The effeciency of the business starts to suffer because the pipeline dictates operations: hiring, marketing spend, capital investment, the list goes on.
Fear should spur you to action. Seeing reality means separating what you can influence during the deal process and what you can control; breaking them down into daily, actionable changes and behaviors throughout the deal lifecycle.
Karen Hayward once told me, “What my manager finds interesting, I find fascinating.” As a revenue leader, this puts you in a place of influence – are your reps enabled to execute on the systems and processes within your sales organization, or focused on the story of the pipeline? Changing behavior at a micro level gives you more insight into your pipeline and improves your confidence because you know the numbers reflect reality.
You can’t change what you can’t see. What gets measured gets managed.
Let’s look at what you can influence:
- Why buy? - Why is your product different and unique from others in the space? What business problems does it solve that others don’t?

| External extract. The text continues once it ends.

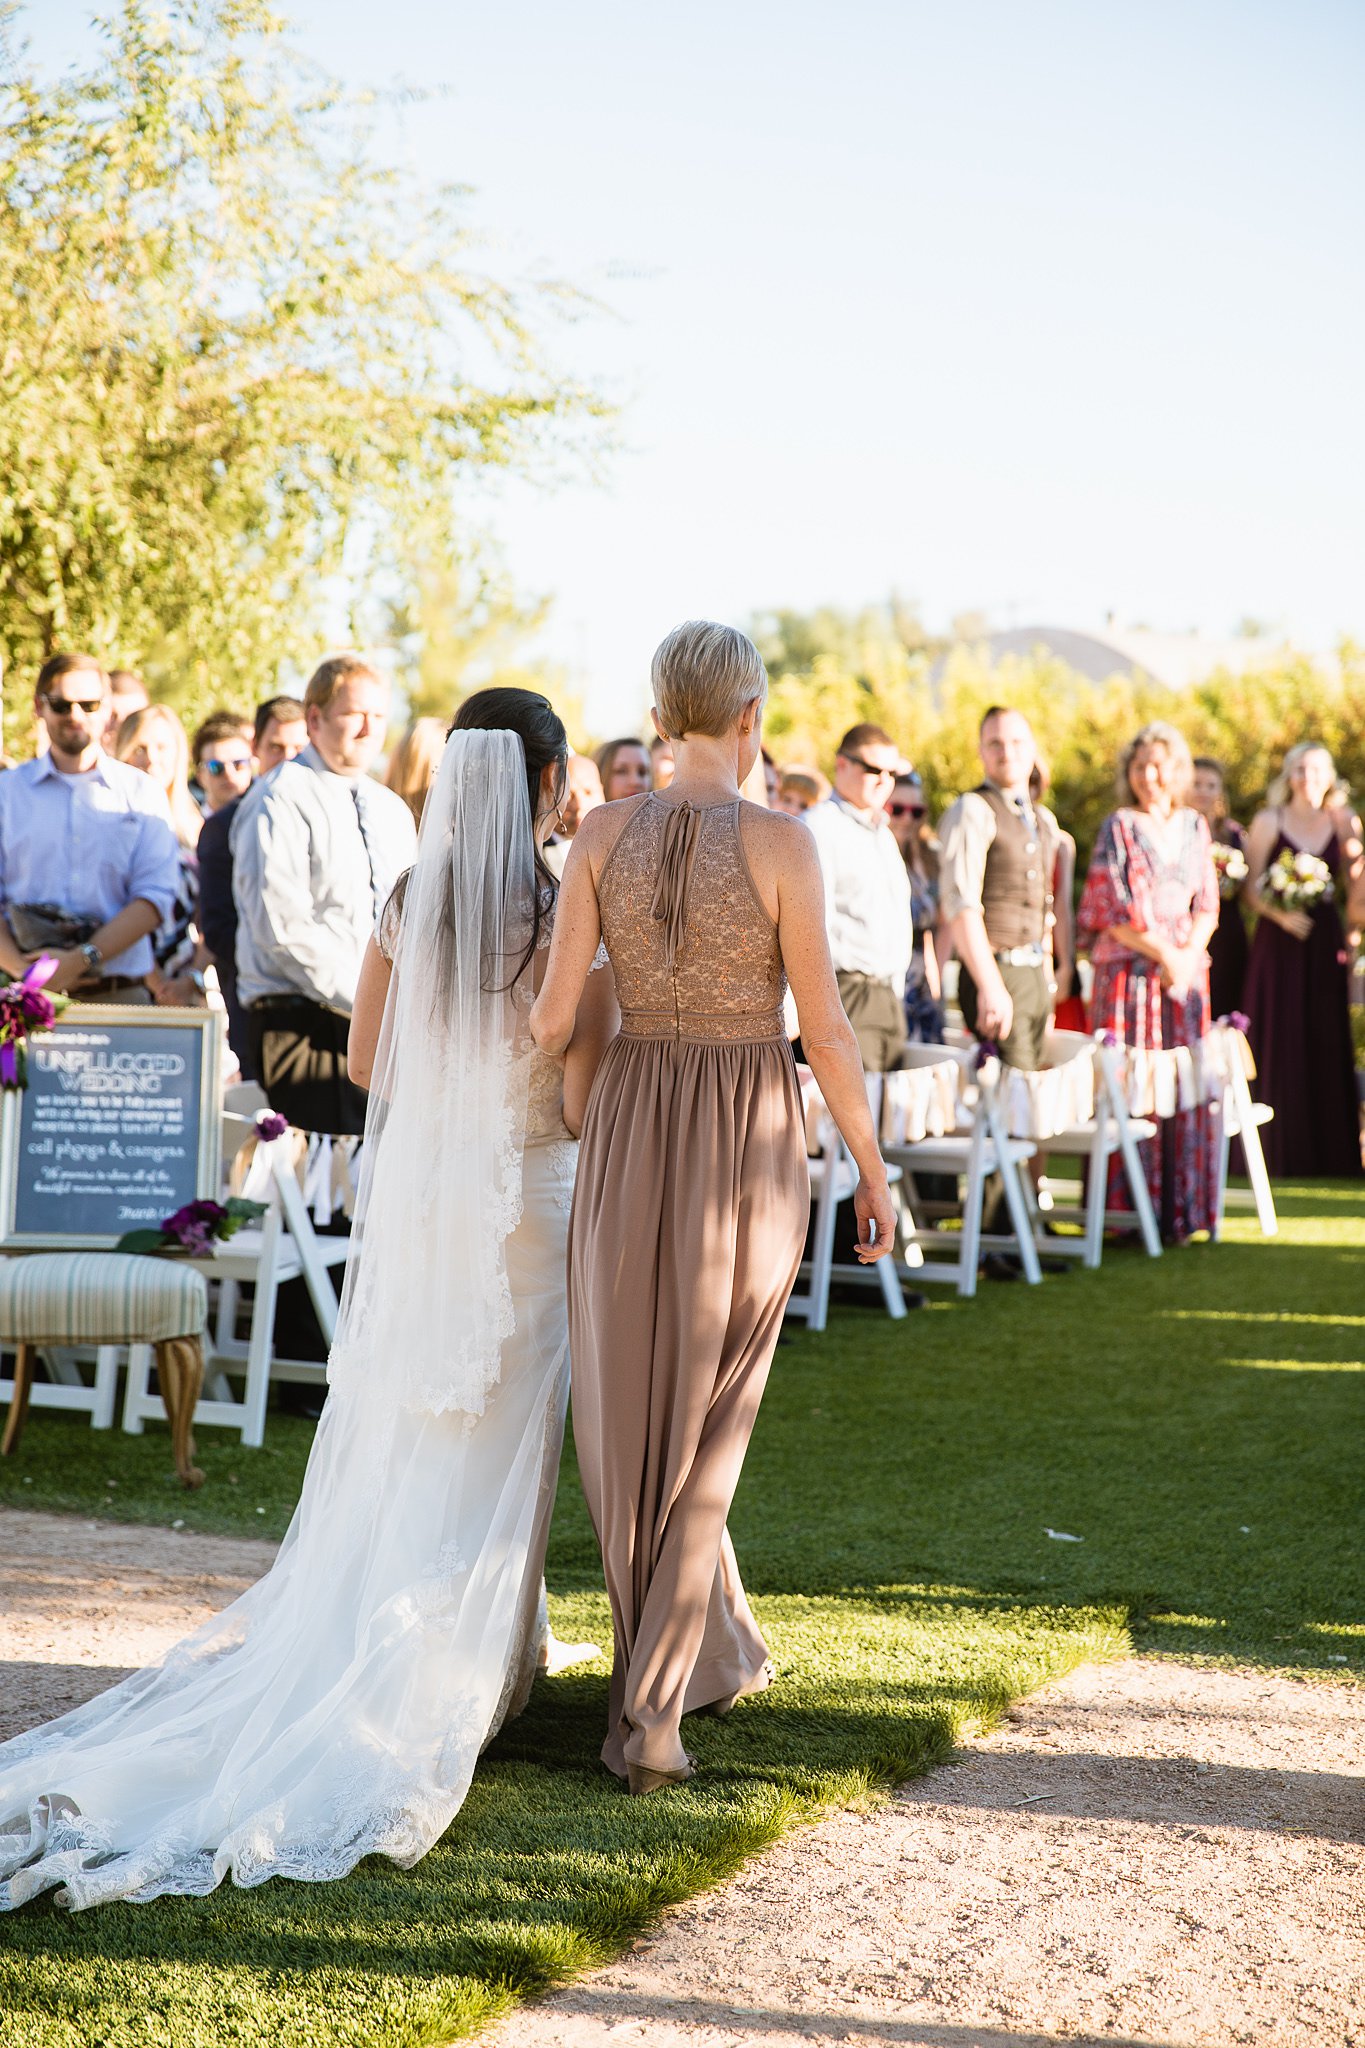 Bride and mother walking down the aisle at the Farmhouse at Schenpf Farms by Phoenix wedding photographer PMA Photography.

- Why buy now? - Purse strings are tight right now; why should a prospect invest their shrinking budget on your offering? Can you clearly articulate the short and long term ROI?

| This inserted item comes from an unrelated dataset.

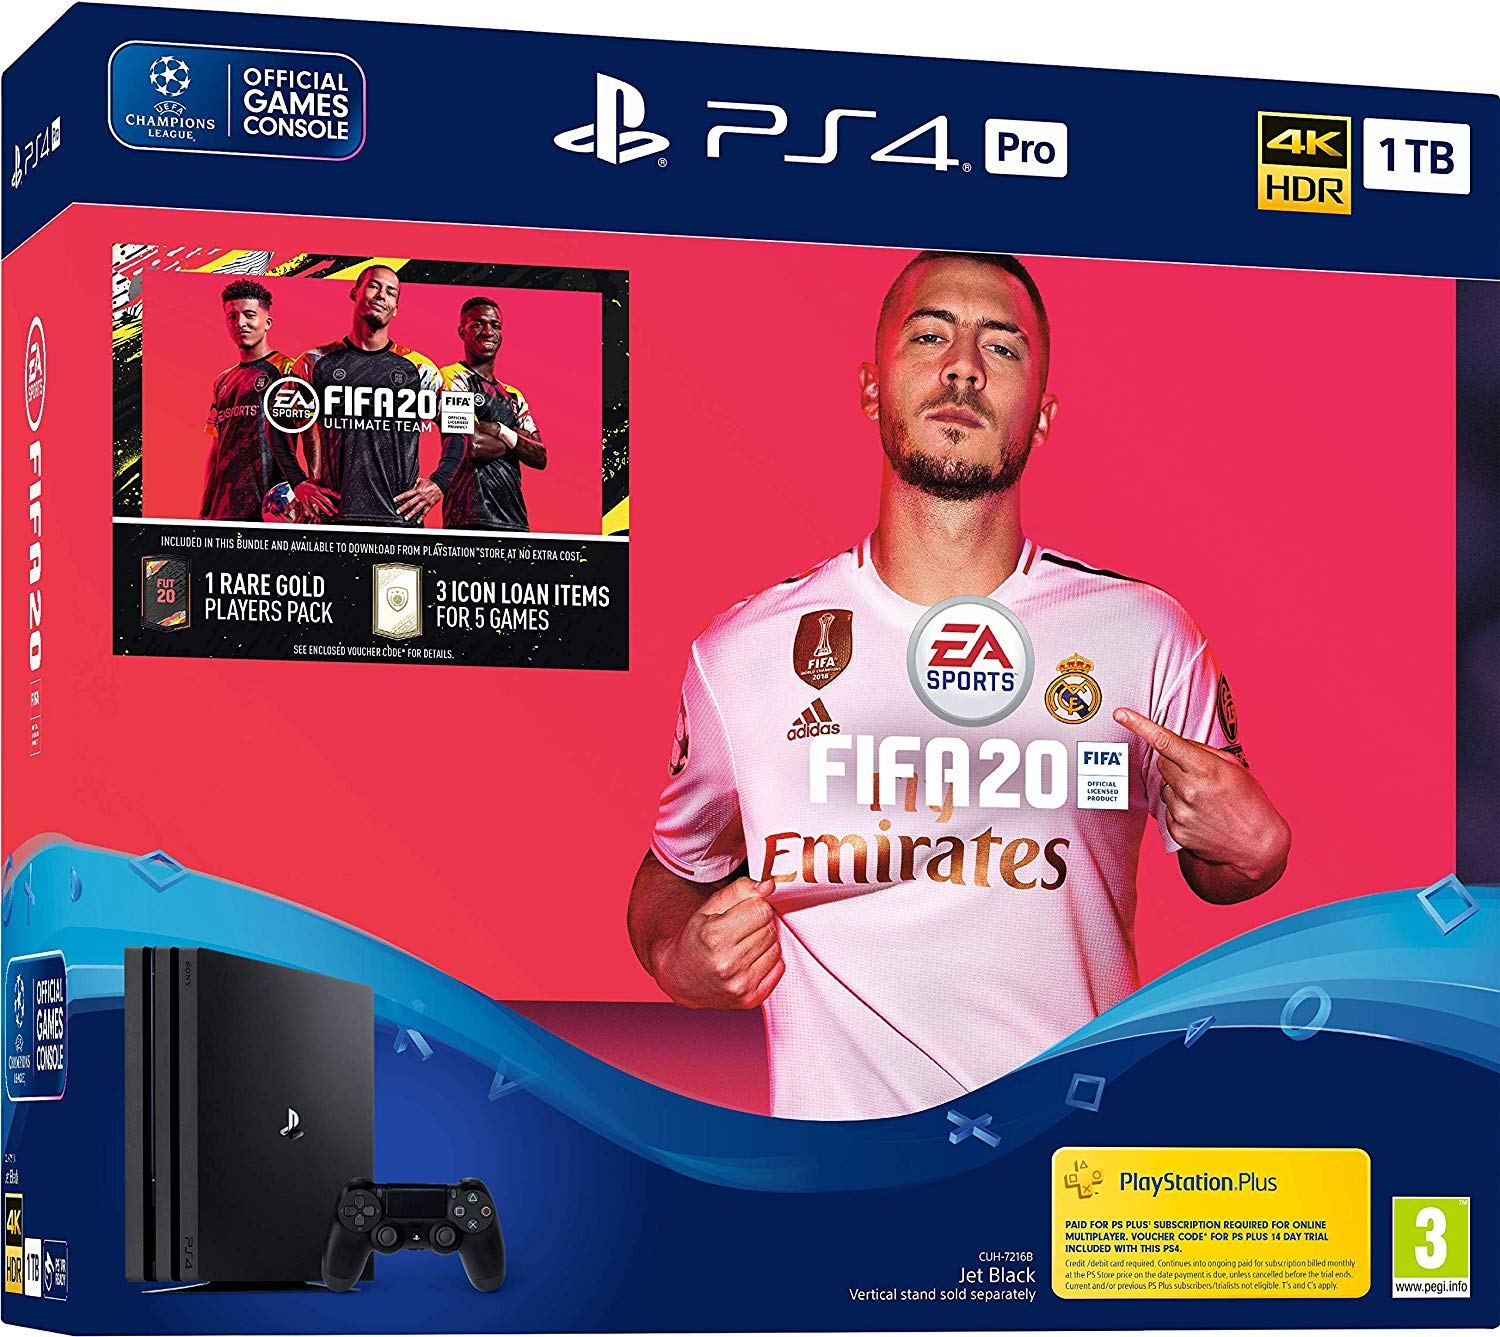 James Dyson pollution Change clothes PlayStation 4 Pro 1TB HDD (FIFA 20 Bundle)

- Why buy us? - How does your company’s value proposition and roadmap align with and drive growth for your customers?
You can influence, but you can’t control your buyers’ actions. You do control your daily behaviors:
- You control how frequently do you engage with prospects?
- You control how many contacts do you engage in an account ?
- You control how you forecast deal size and close dates internally
- You control how you manage the process and next steps during deal lifecycles
- You control if you’re maintaining a healthy pipeline of realistic deals
Conquer your pipeline fears
Here’s the boring reality: as a sales rep it’s in the company’s best interest to help you make your number. When your number is light, your manager’s number is light. When your manager’s number is light, their VP’s is. When the VP has a light number, the company does.
So as an organization, when you face your fears about what’s real, or not real, in your pipeline it spurs everyone to action. Sure, you might have a day of excitement when everyone freaks out. But then the very smart people you choose to work with every day will take action to solve the problems.
- If Marketing knows that pipeline is light, they can create new programs to help drive leads in specific segments or territories
- If the SDR team knows pipeline is light, they can start an outbound program to re-engage closed lost opportunities
- If it’s a consistent problem – or endemic to changing markets in the global economic crisis – your team might change territories or market segments
- If you have just enough coverage, your revenue team help make sure you get the core deals required over the finish line
But all of these actions start with acknowledging what’s real. By turning on the light to see if there are any monsters hiding in your pipeline.